Interactive tool
Before comparing Swiss P2P or crowdlending platforms, put your assumptions through this screener. It converts an advertised interest rate into a loss-scenario range and tells you which verification questions your inputs leave open. Everything runs in your browser; nothing you enter is stored or sent anywhere.
What the screener assumes
The model is deliberately simple: net return ≈ interest − platform fee − expected credit loss, where expected credit loss is your default assumption multiplied by the share not recovered. The stress case triples your default assumption and cuts recovery by twenty percentage points — roughly the shape of a bad credit year. It ignores taxes, reinvestment gaps and currency moves, which is why the output links you to the pages that cover those. Treat the result as a structured list of questions, not a forecast.
Method & status
Simplified expected-loss arithmetic as described in our methodology. Default and recovery inputs are your assumptions, not market data. Tool logic last reviewed: 14 July 2026.

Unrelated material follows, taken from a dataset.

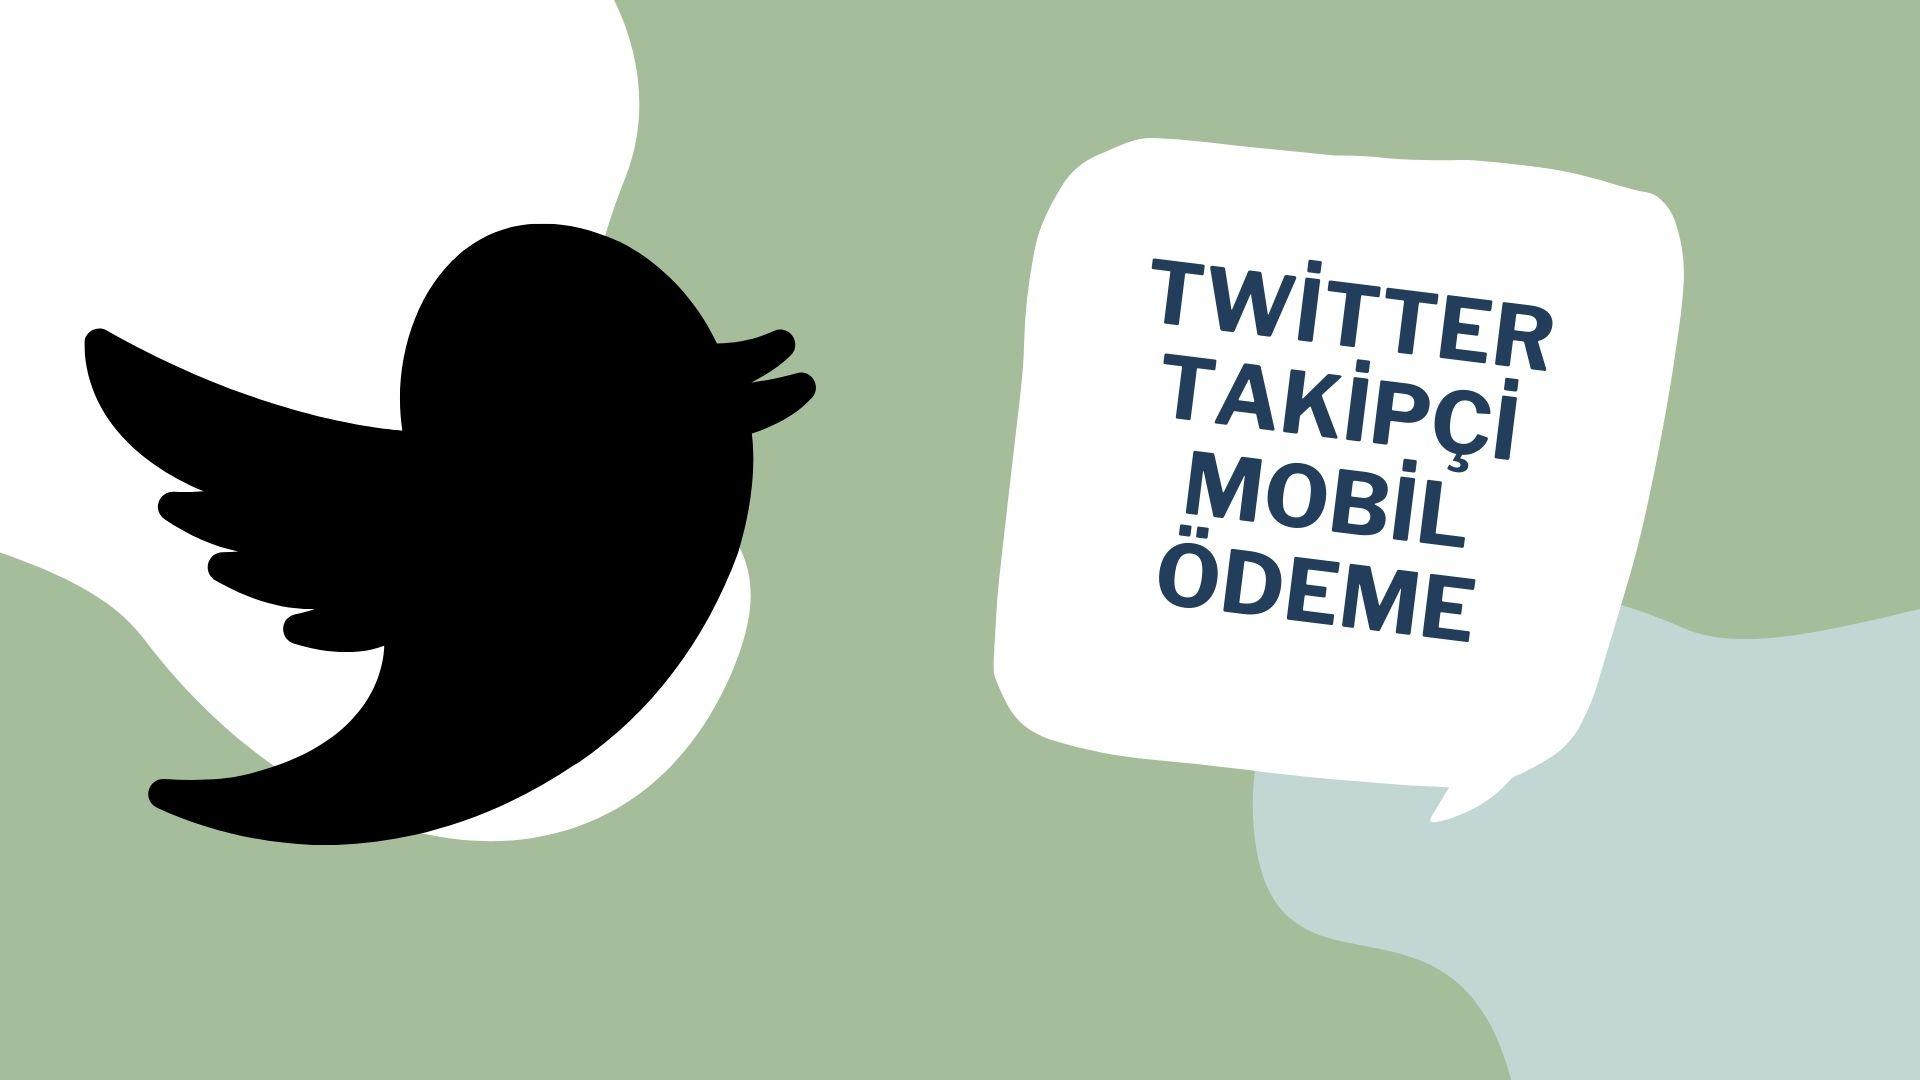 Twitter Takipçi Mobil Ödeme

Educational tool, not financial advice. The screener does not recommend platforms and does not imply FINMA endorsement of anything. Lending investments can lose all invested capital and are not bank deposits.

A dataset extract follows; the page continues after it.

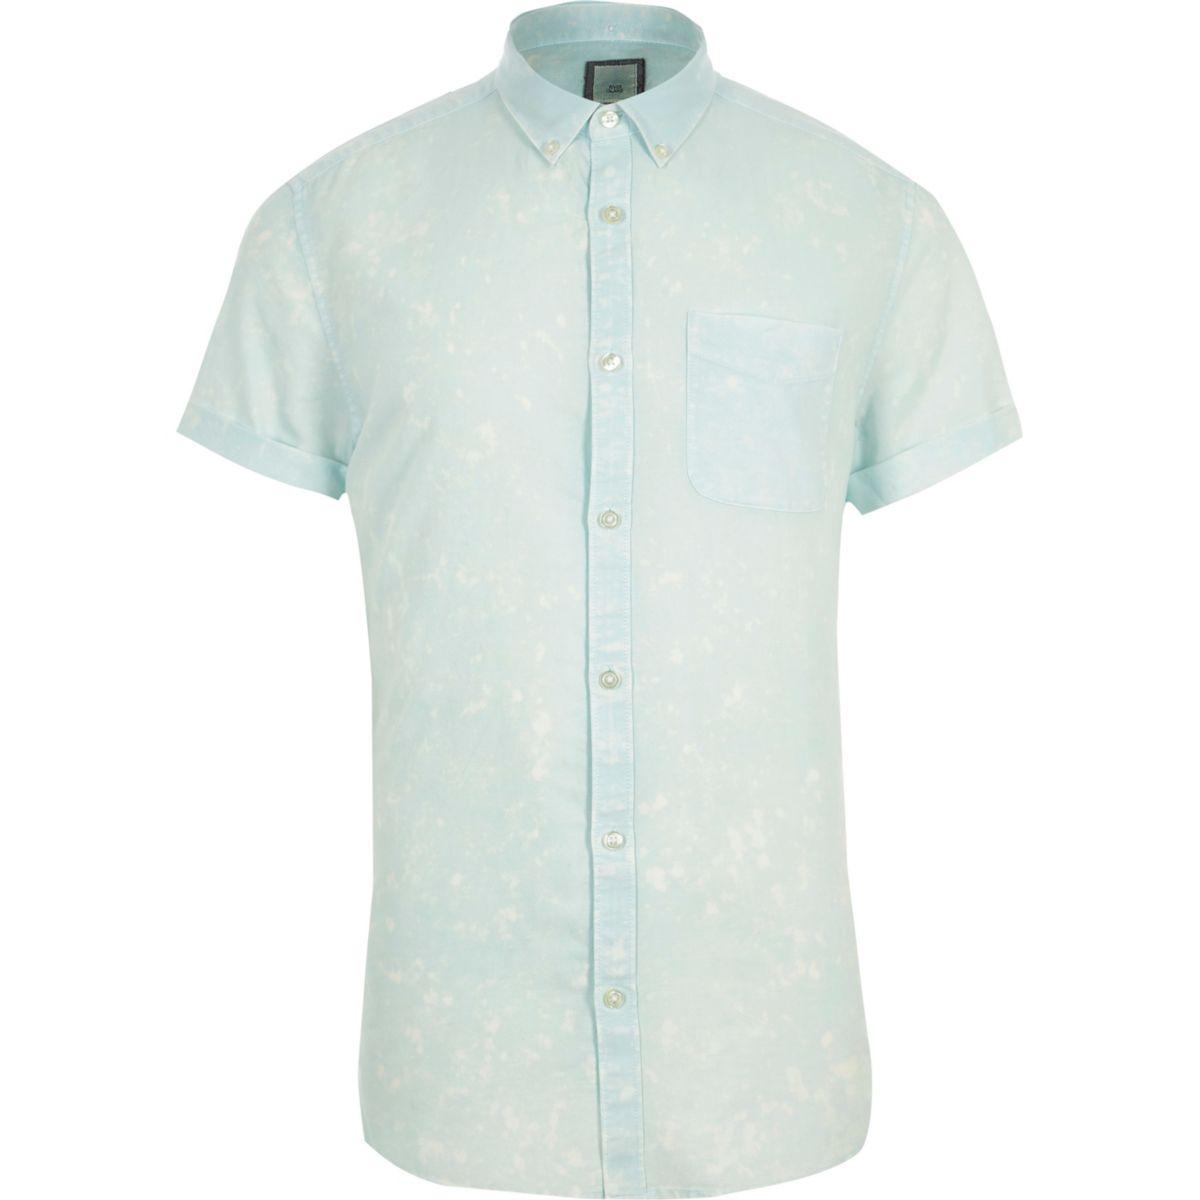 Green acid wash slim fit short sleeve shirt

Frequently asked questions
Does the screener store my inputs?
No. The calculation runs entirely in your browser with a small script. Nothing is saved, transmitted or profiled — see the privacy policy.
Where do I get a realistic default assumption?
Platforms publish historical default and arrears figures with varying honesty. Read how to verify performance claims in our platform comparison guide, and stress your number upward rather than trusting a marketing page.
Why is there no “recommended platform” in the output?
Because a screener cannot know platform quality. It sizes your scenario’s risk mechanics; the verification checklist is how you interrogate an actual platform.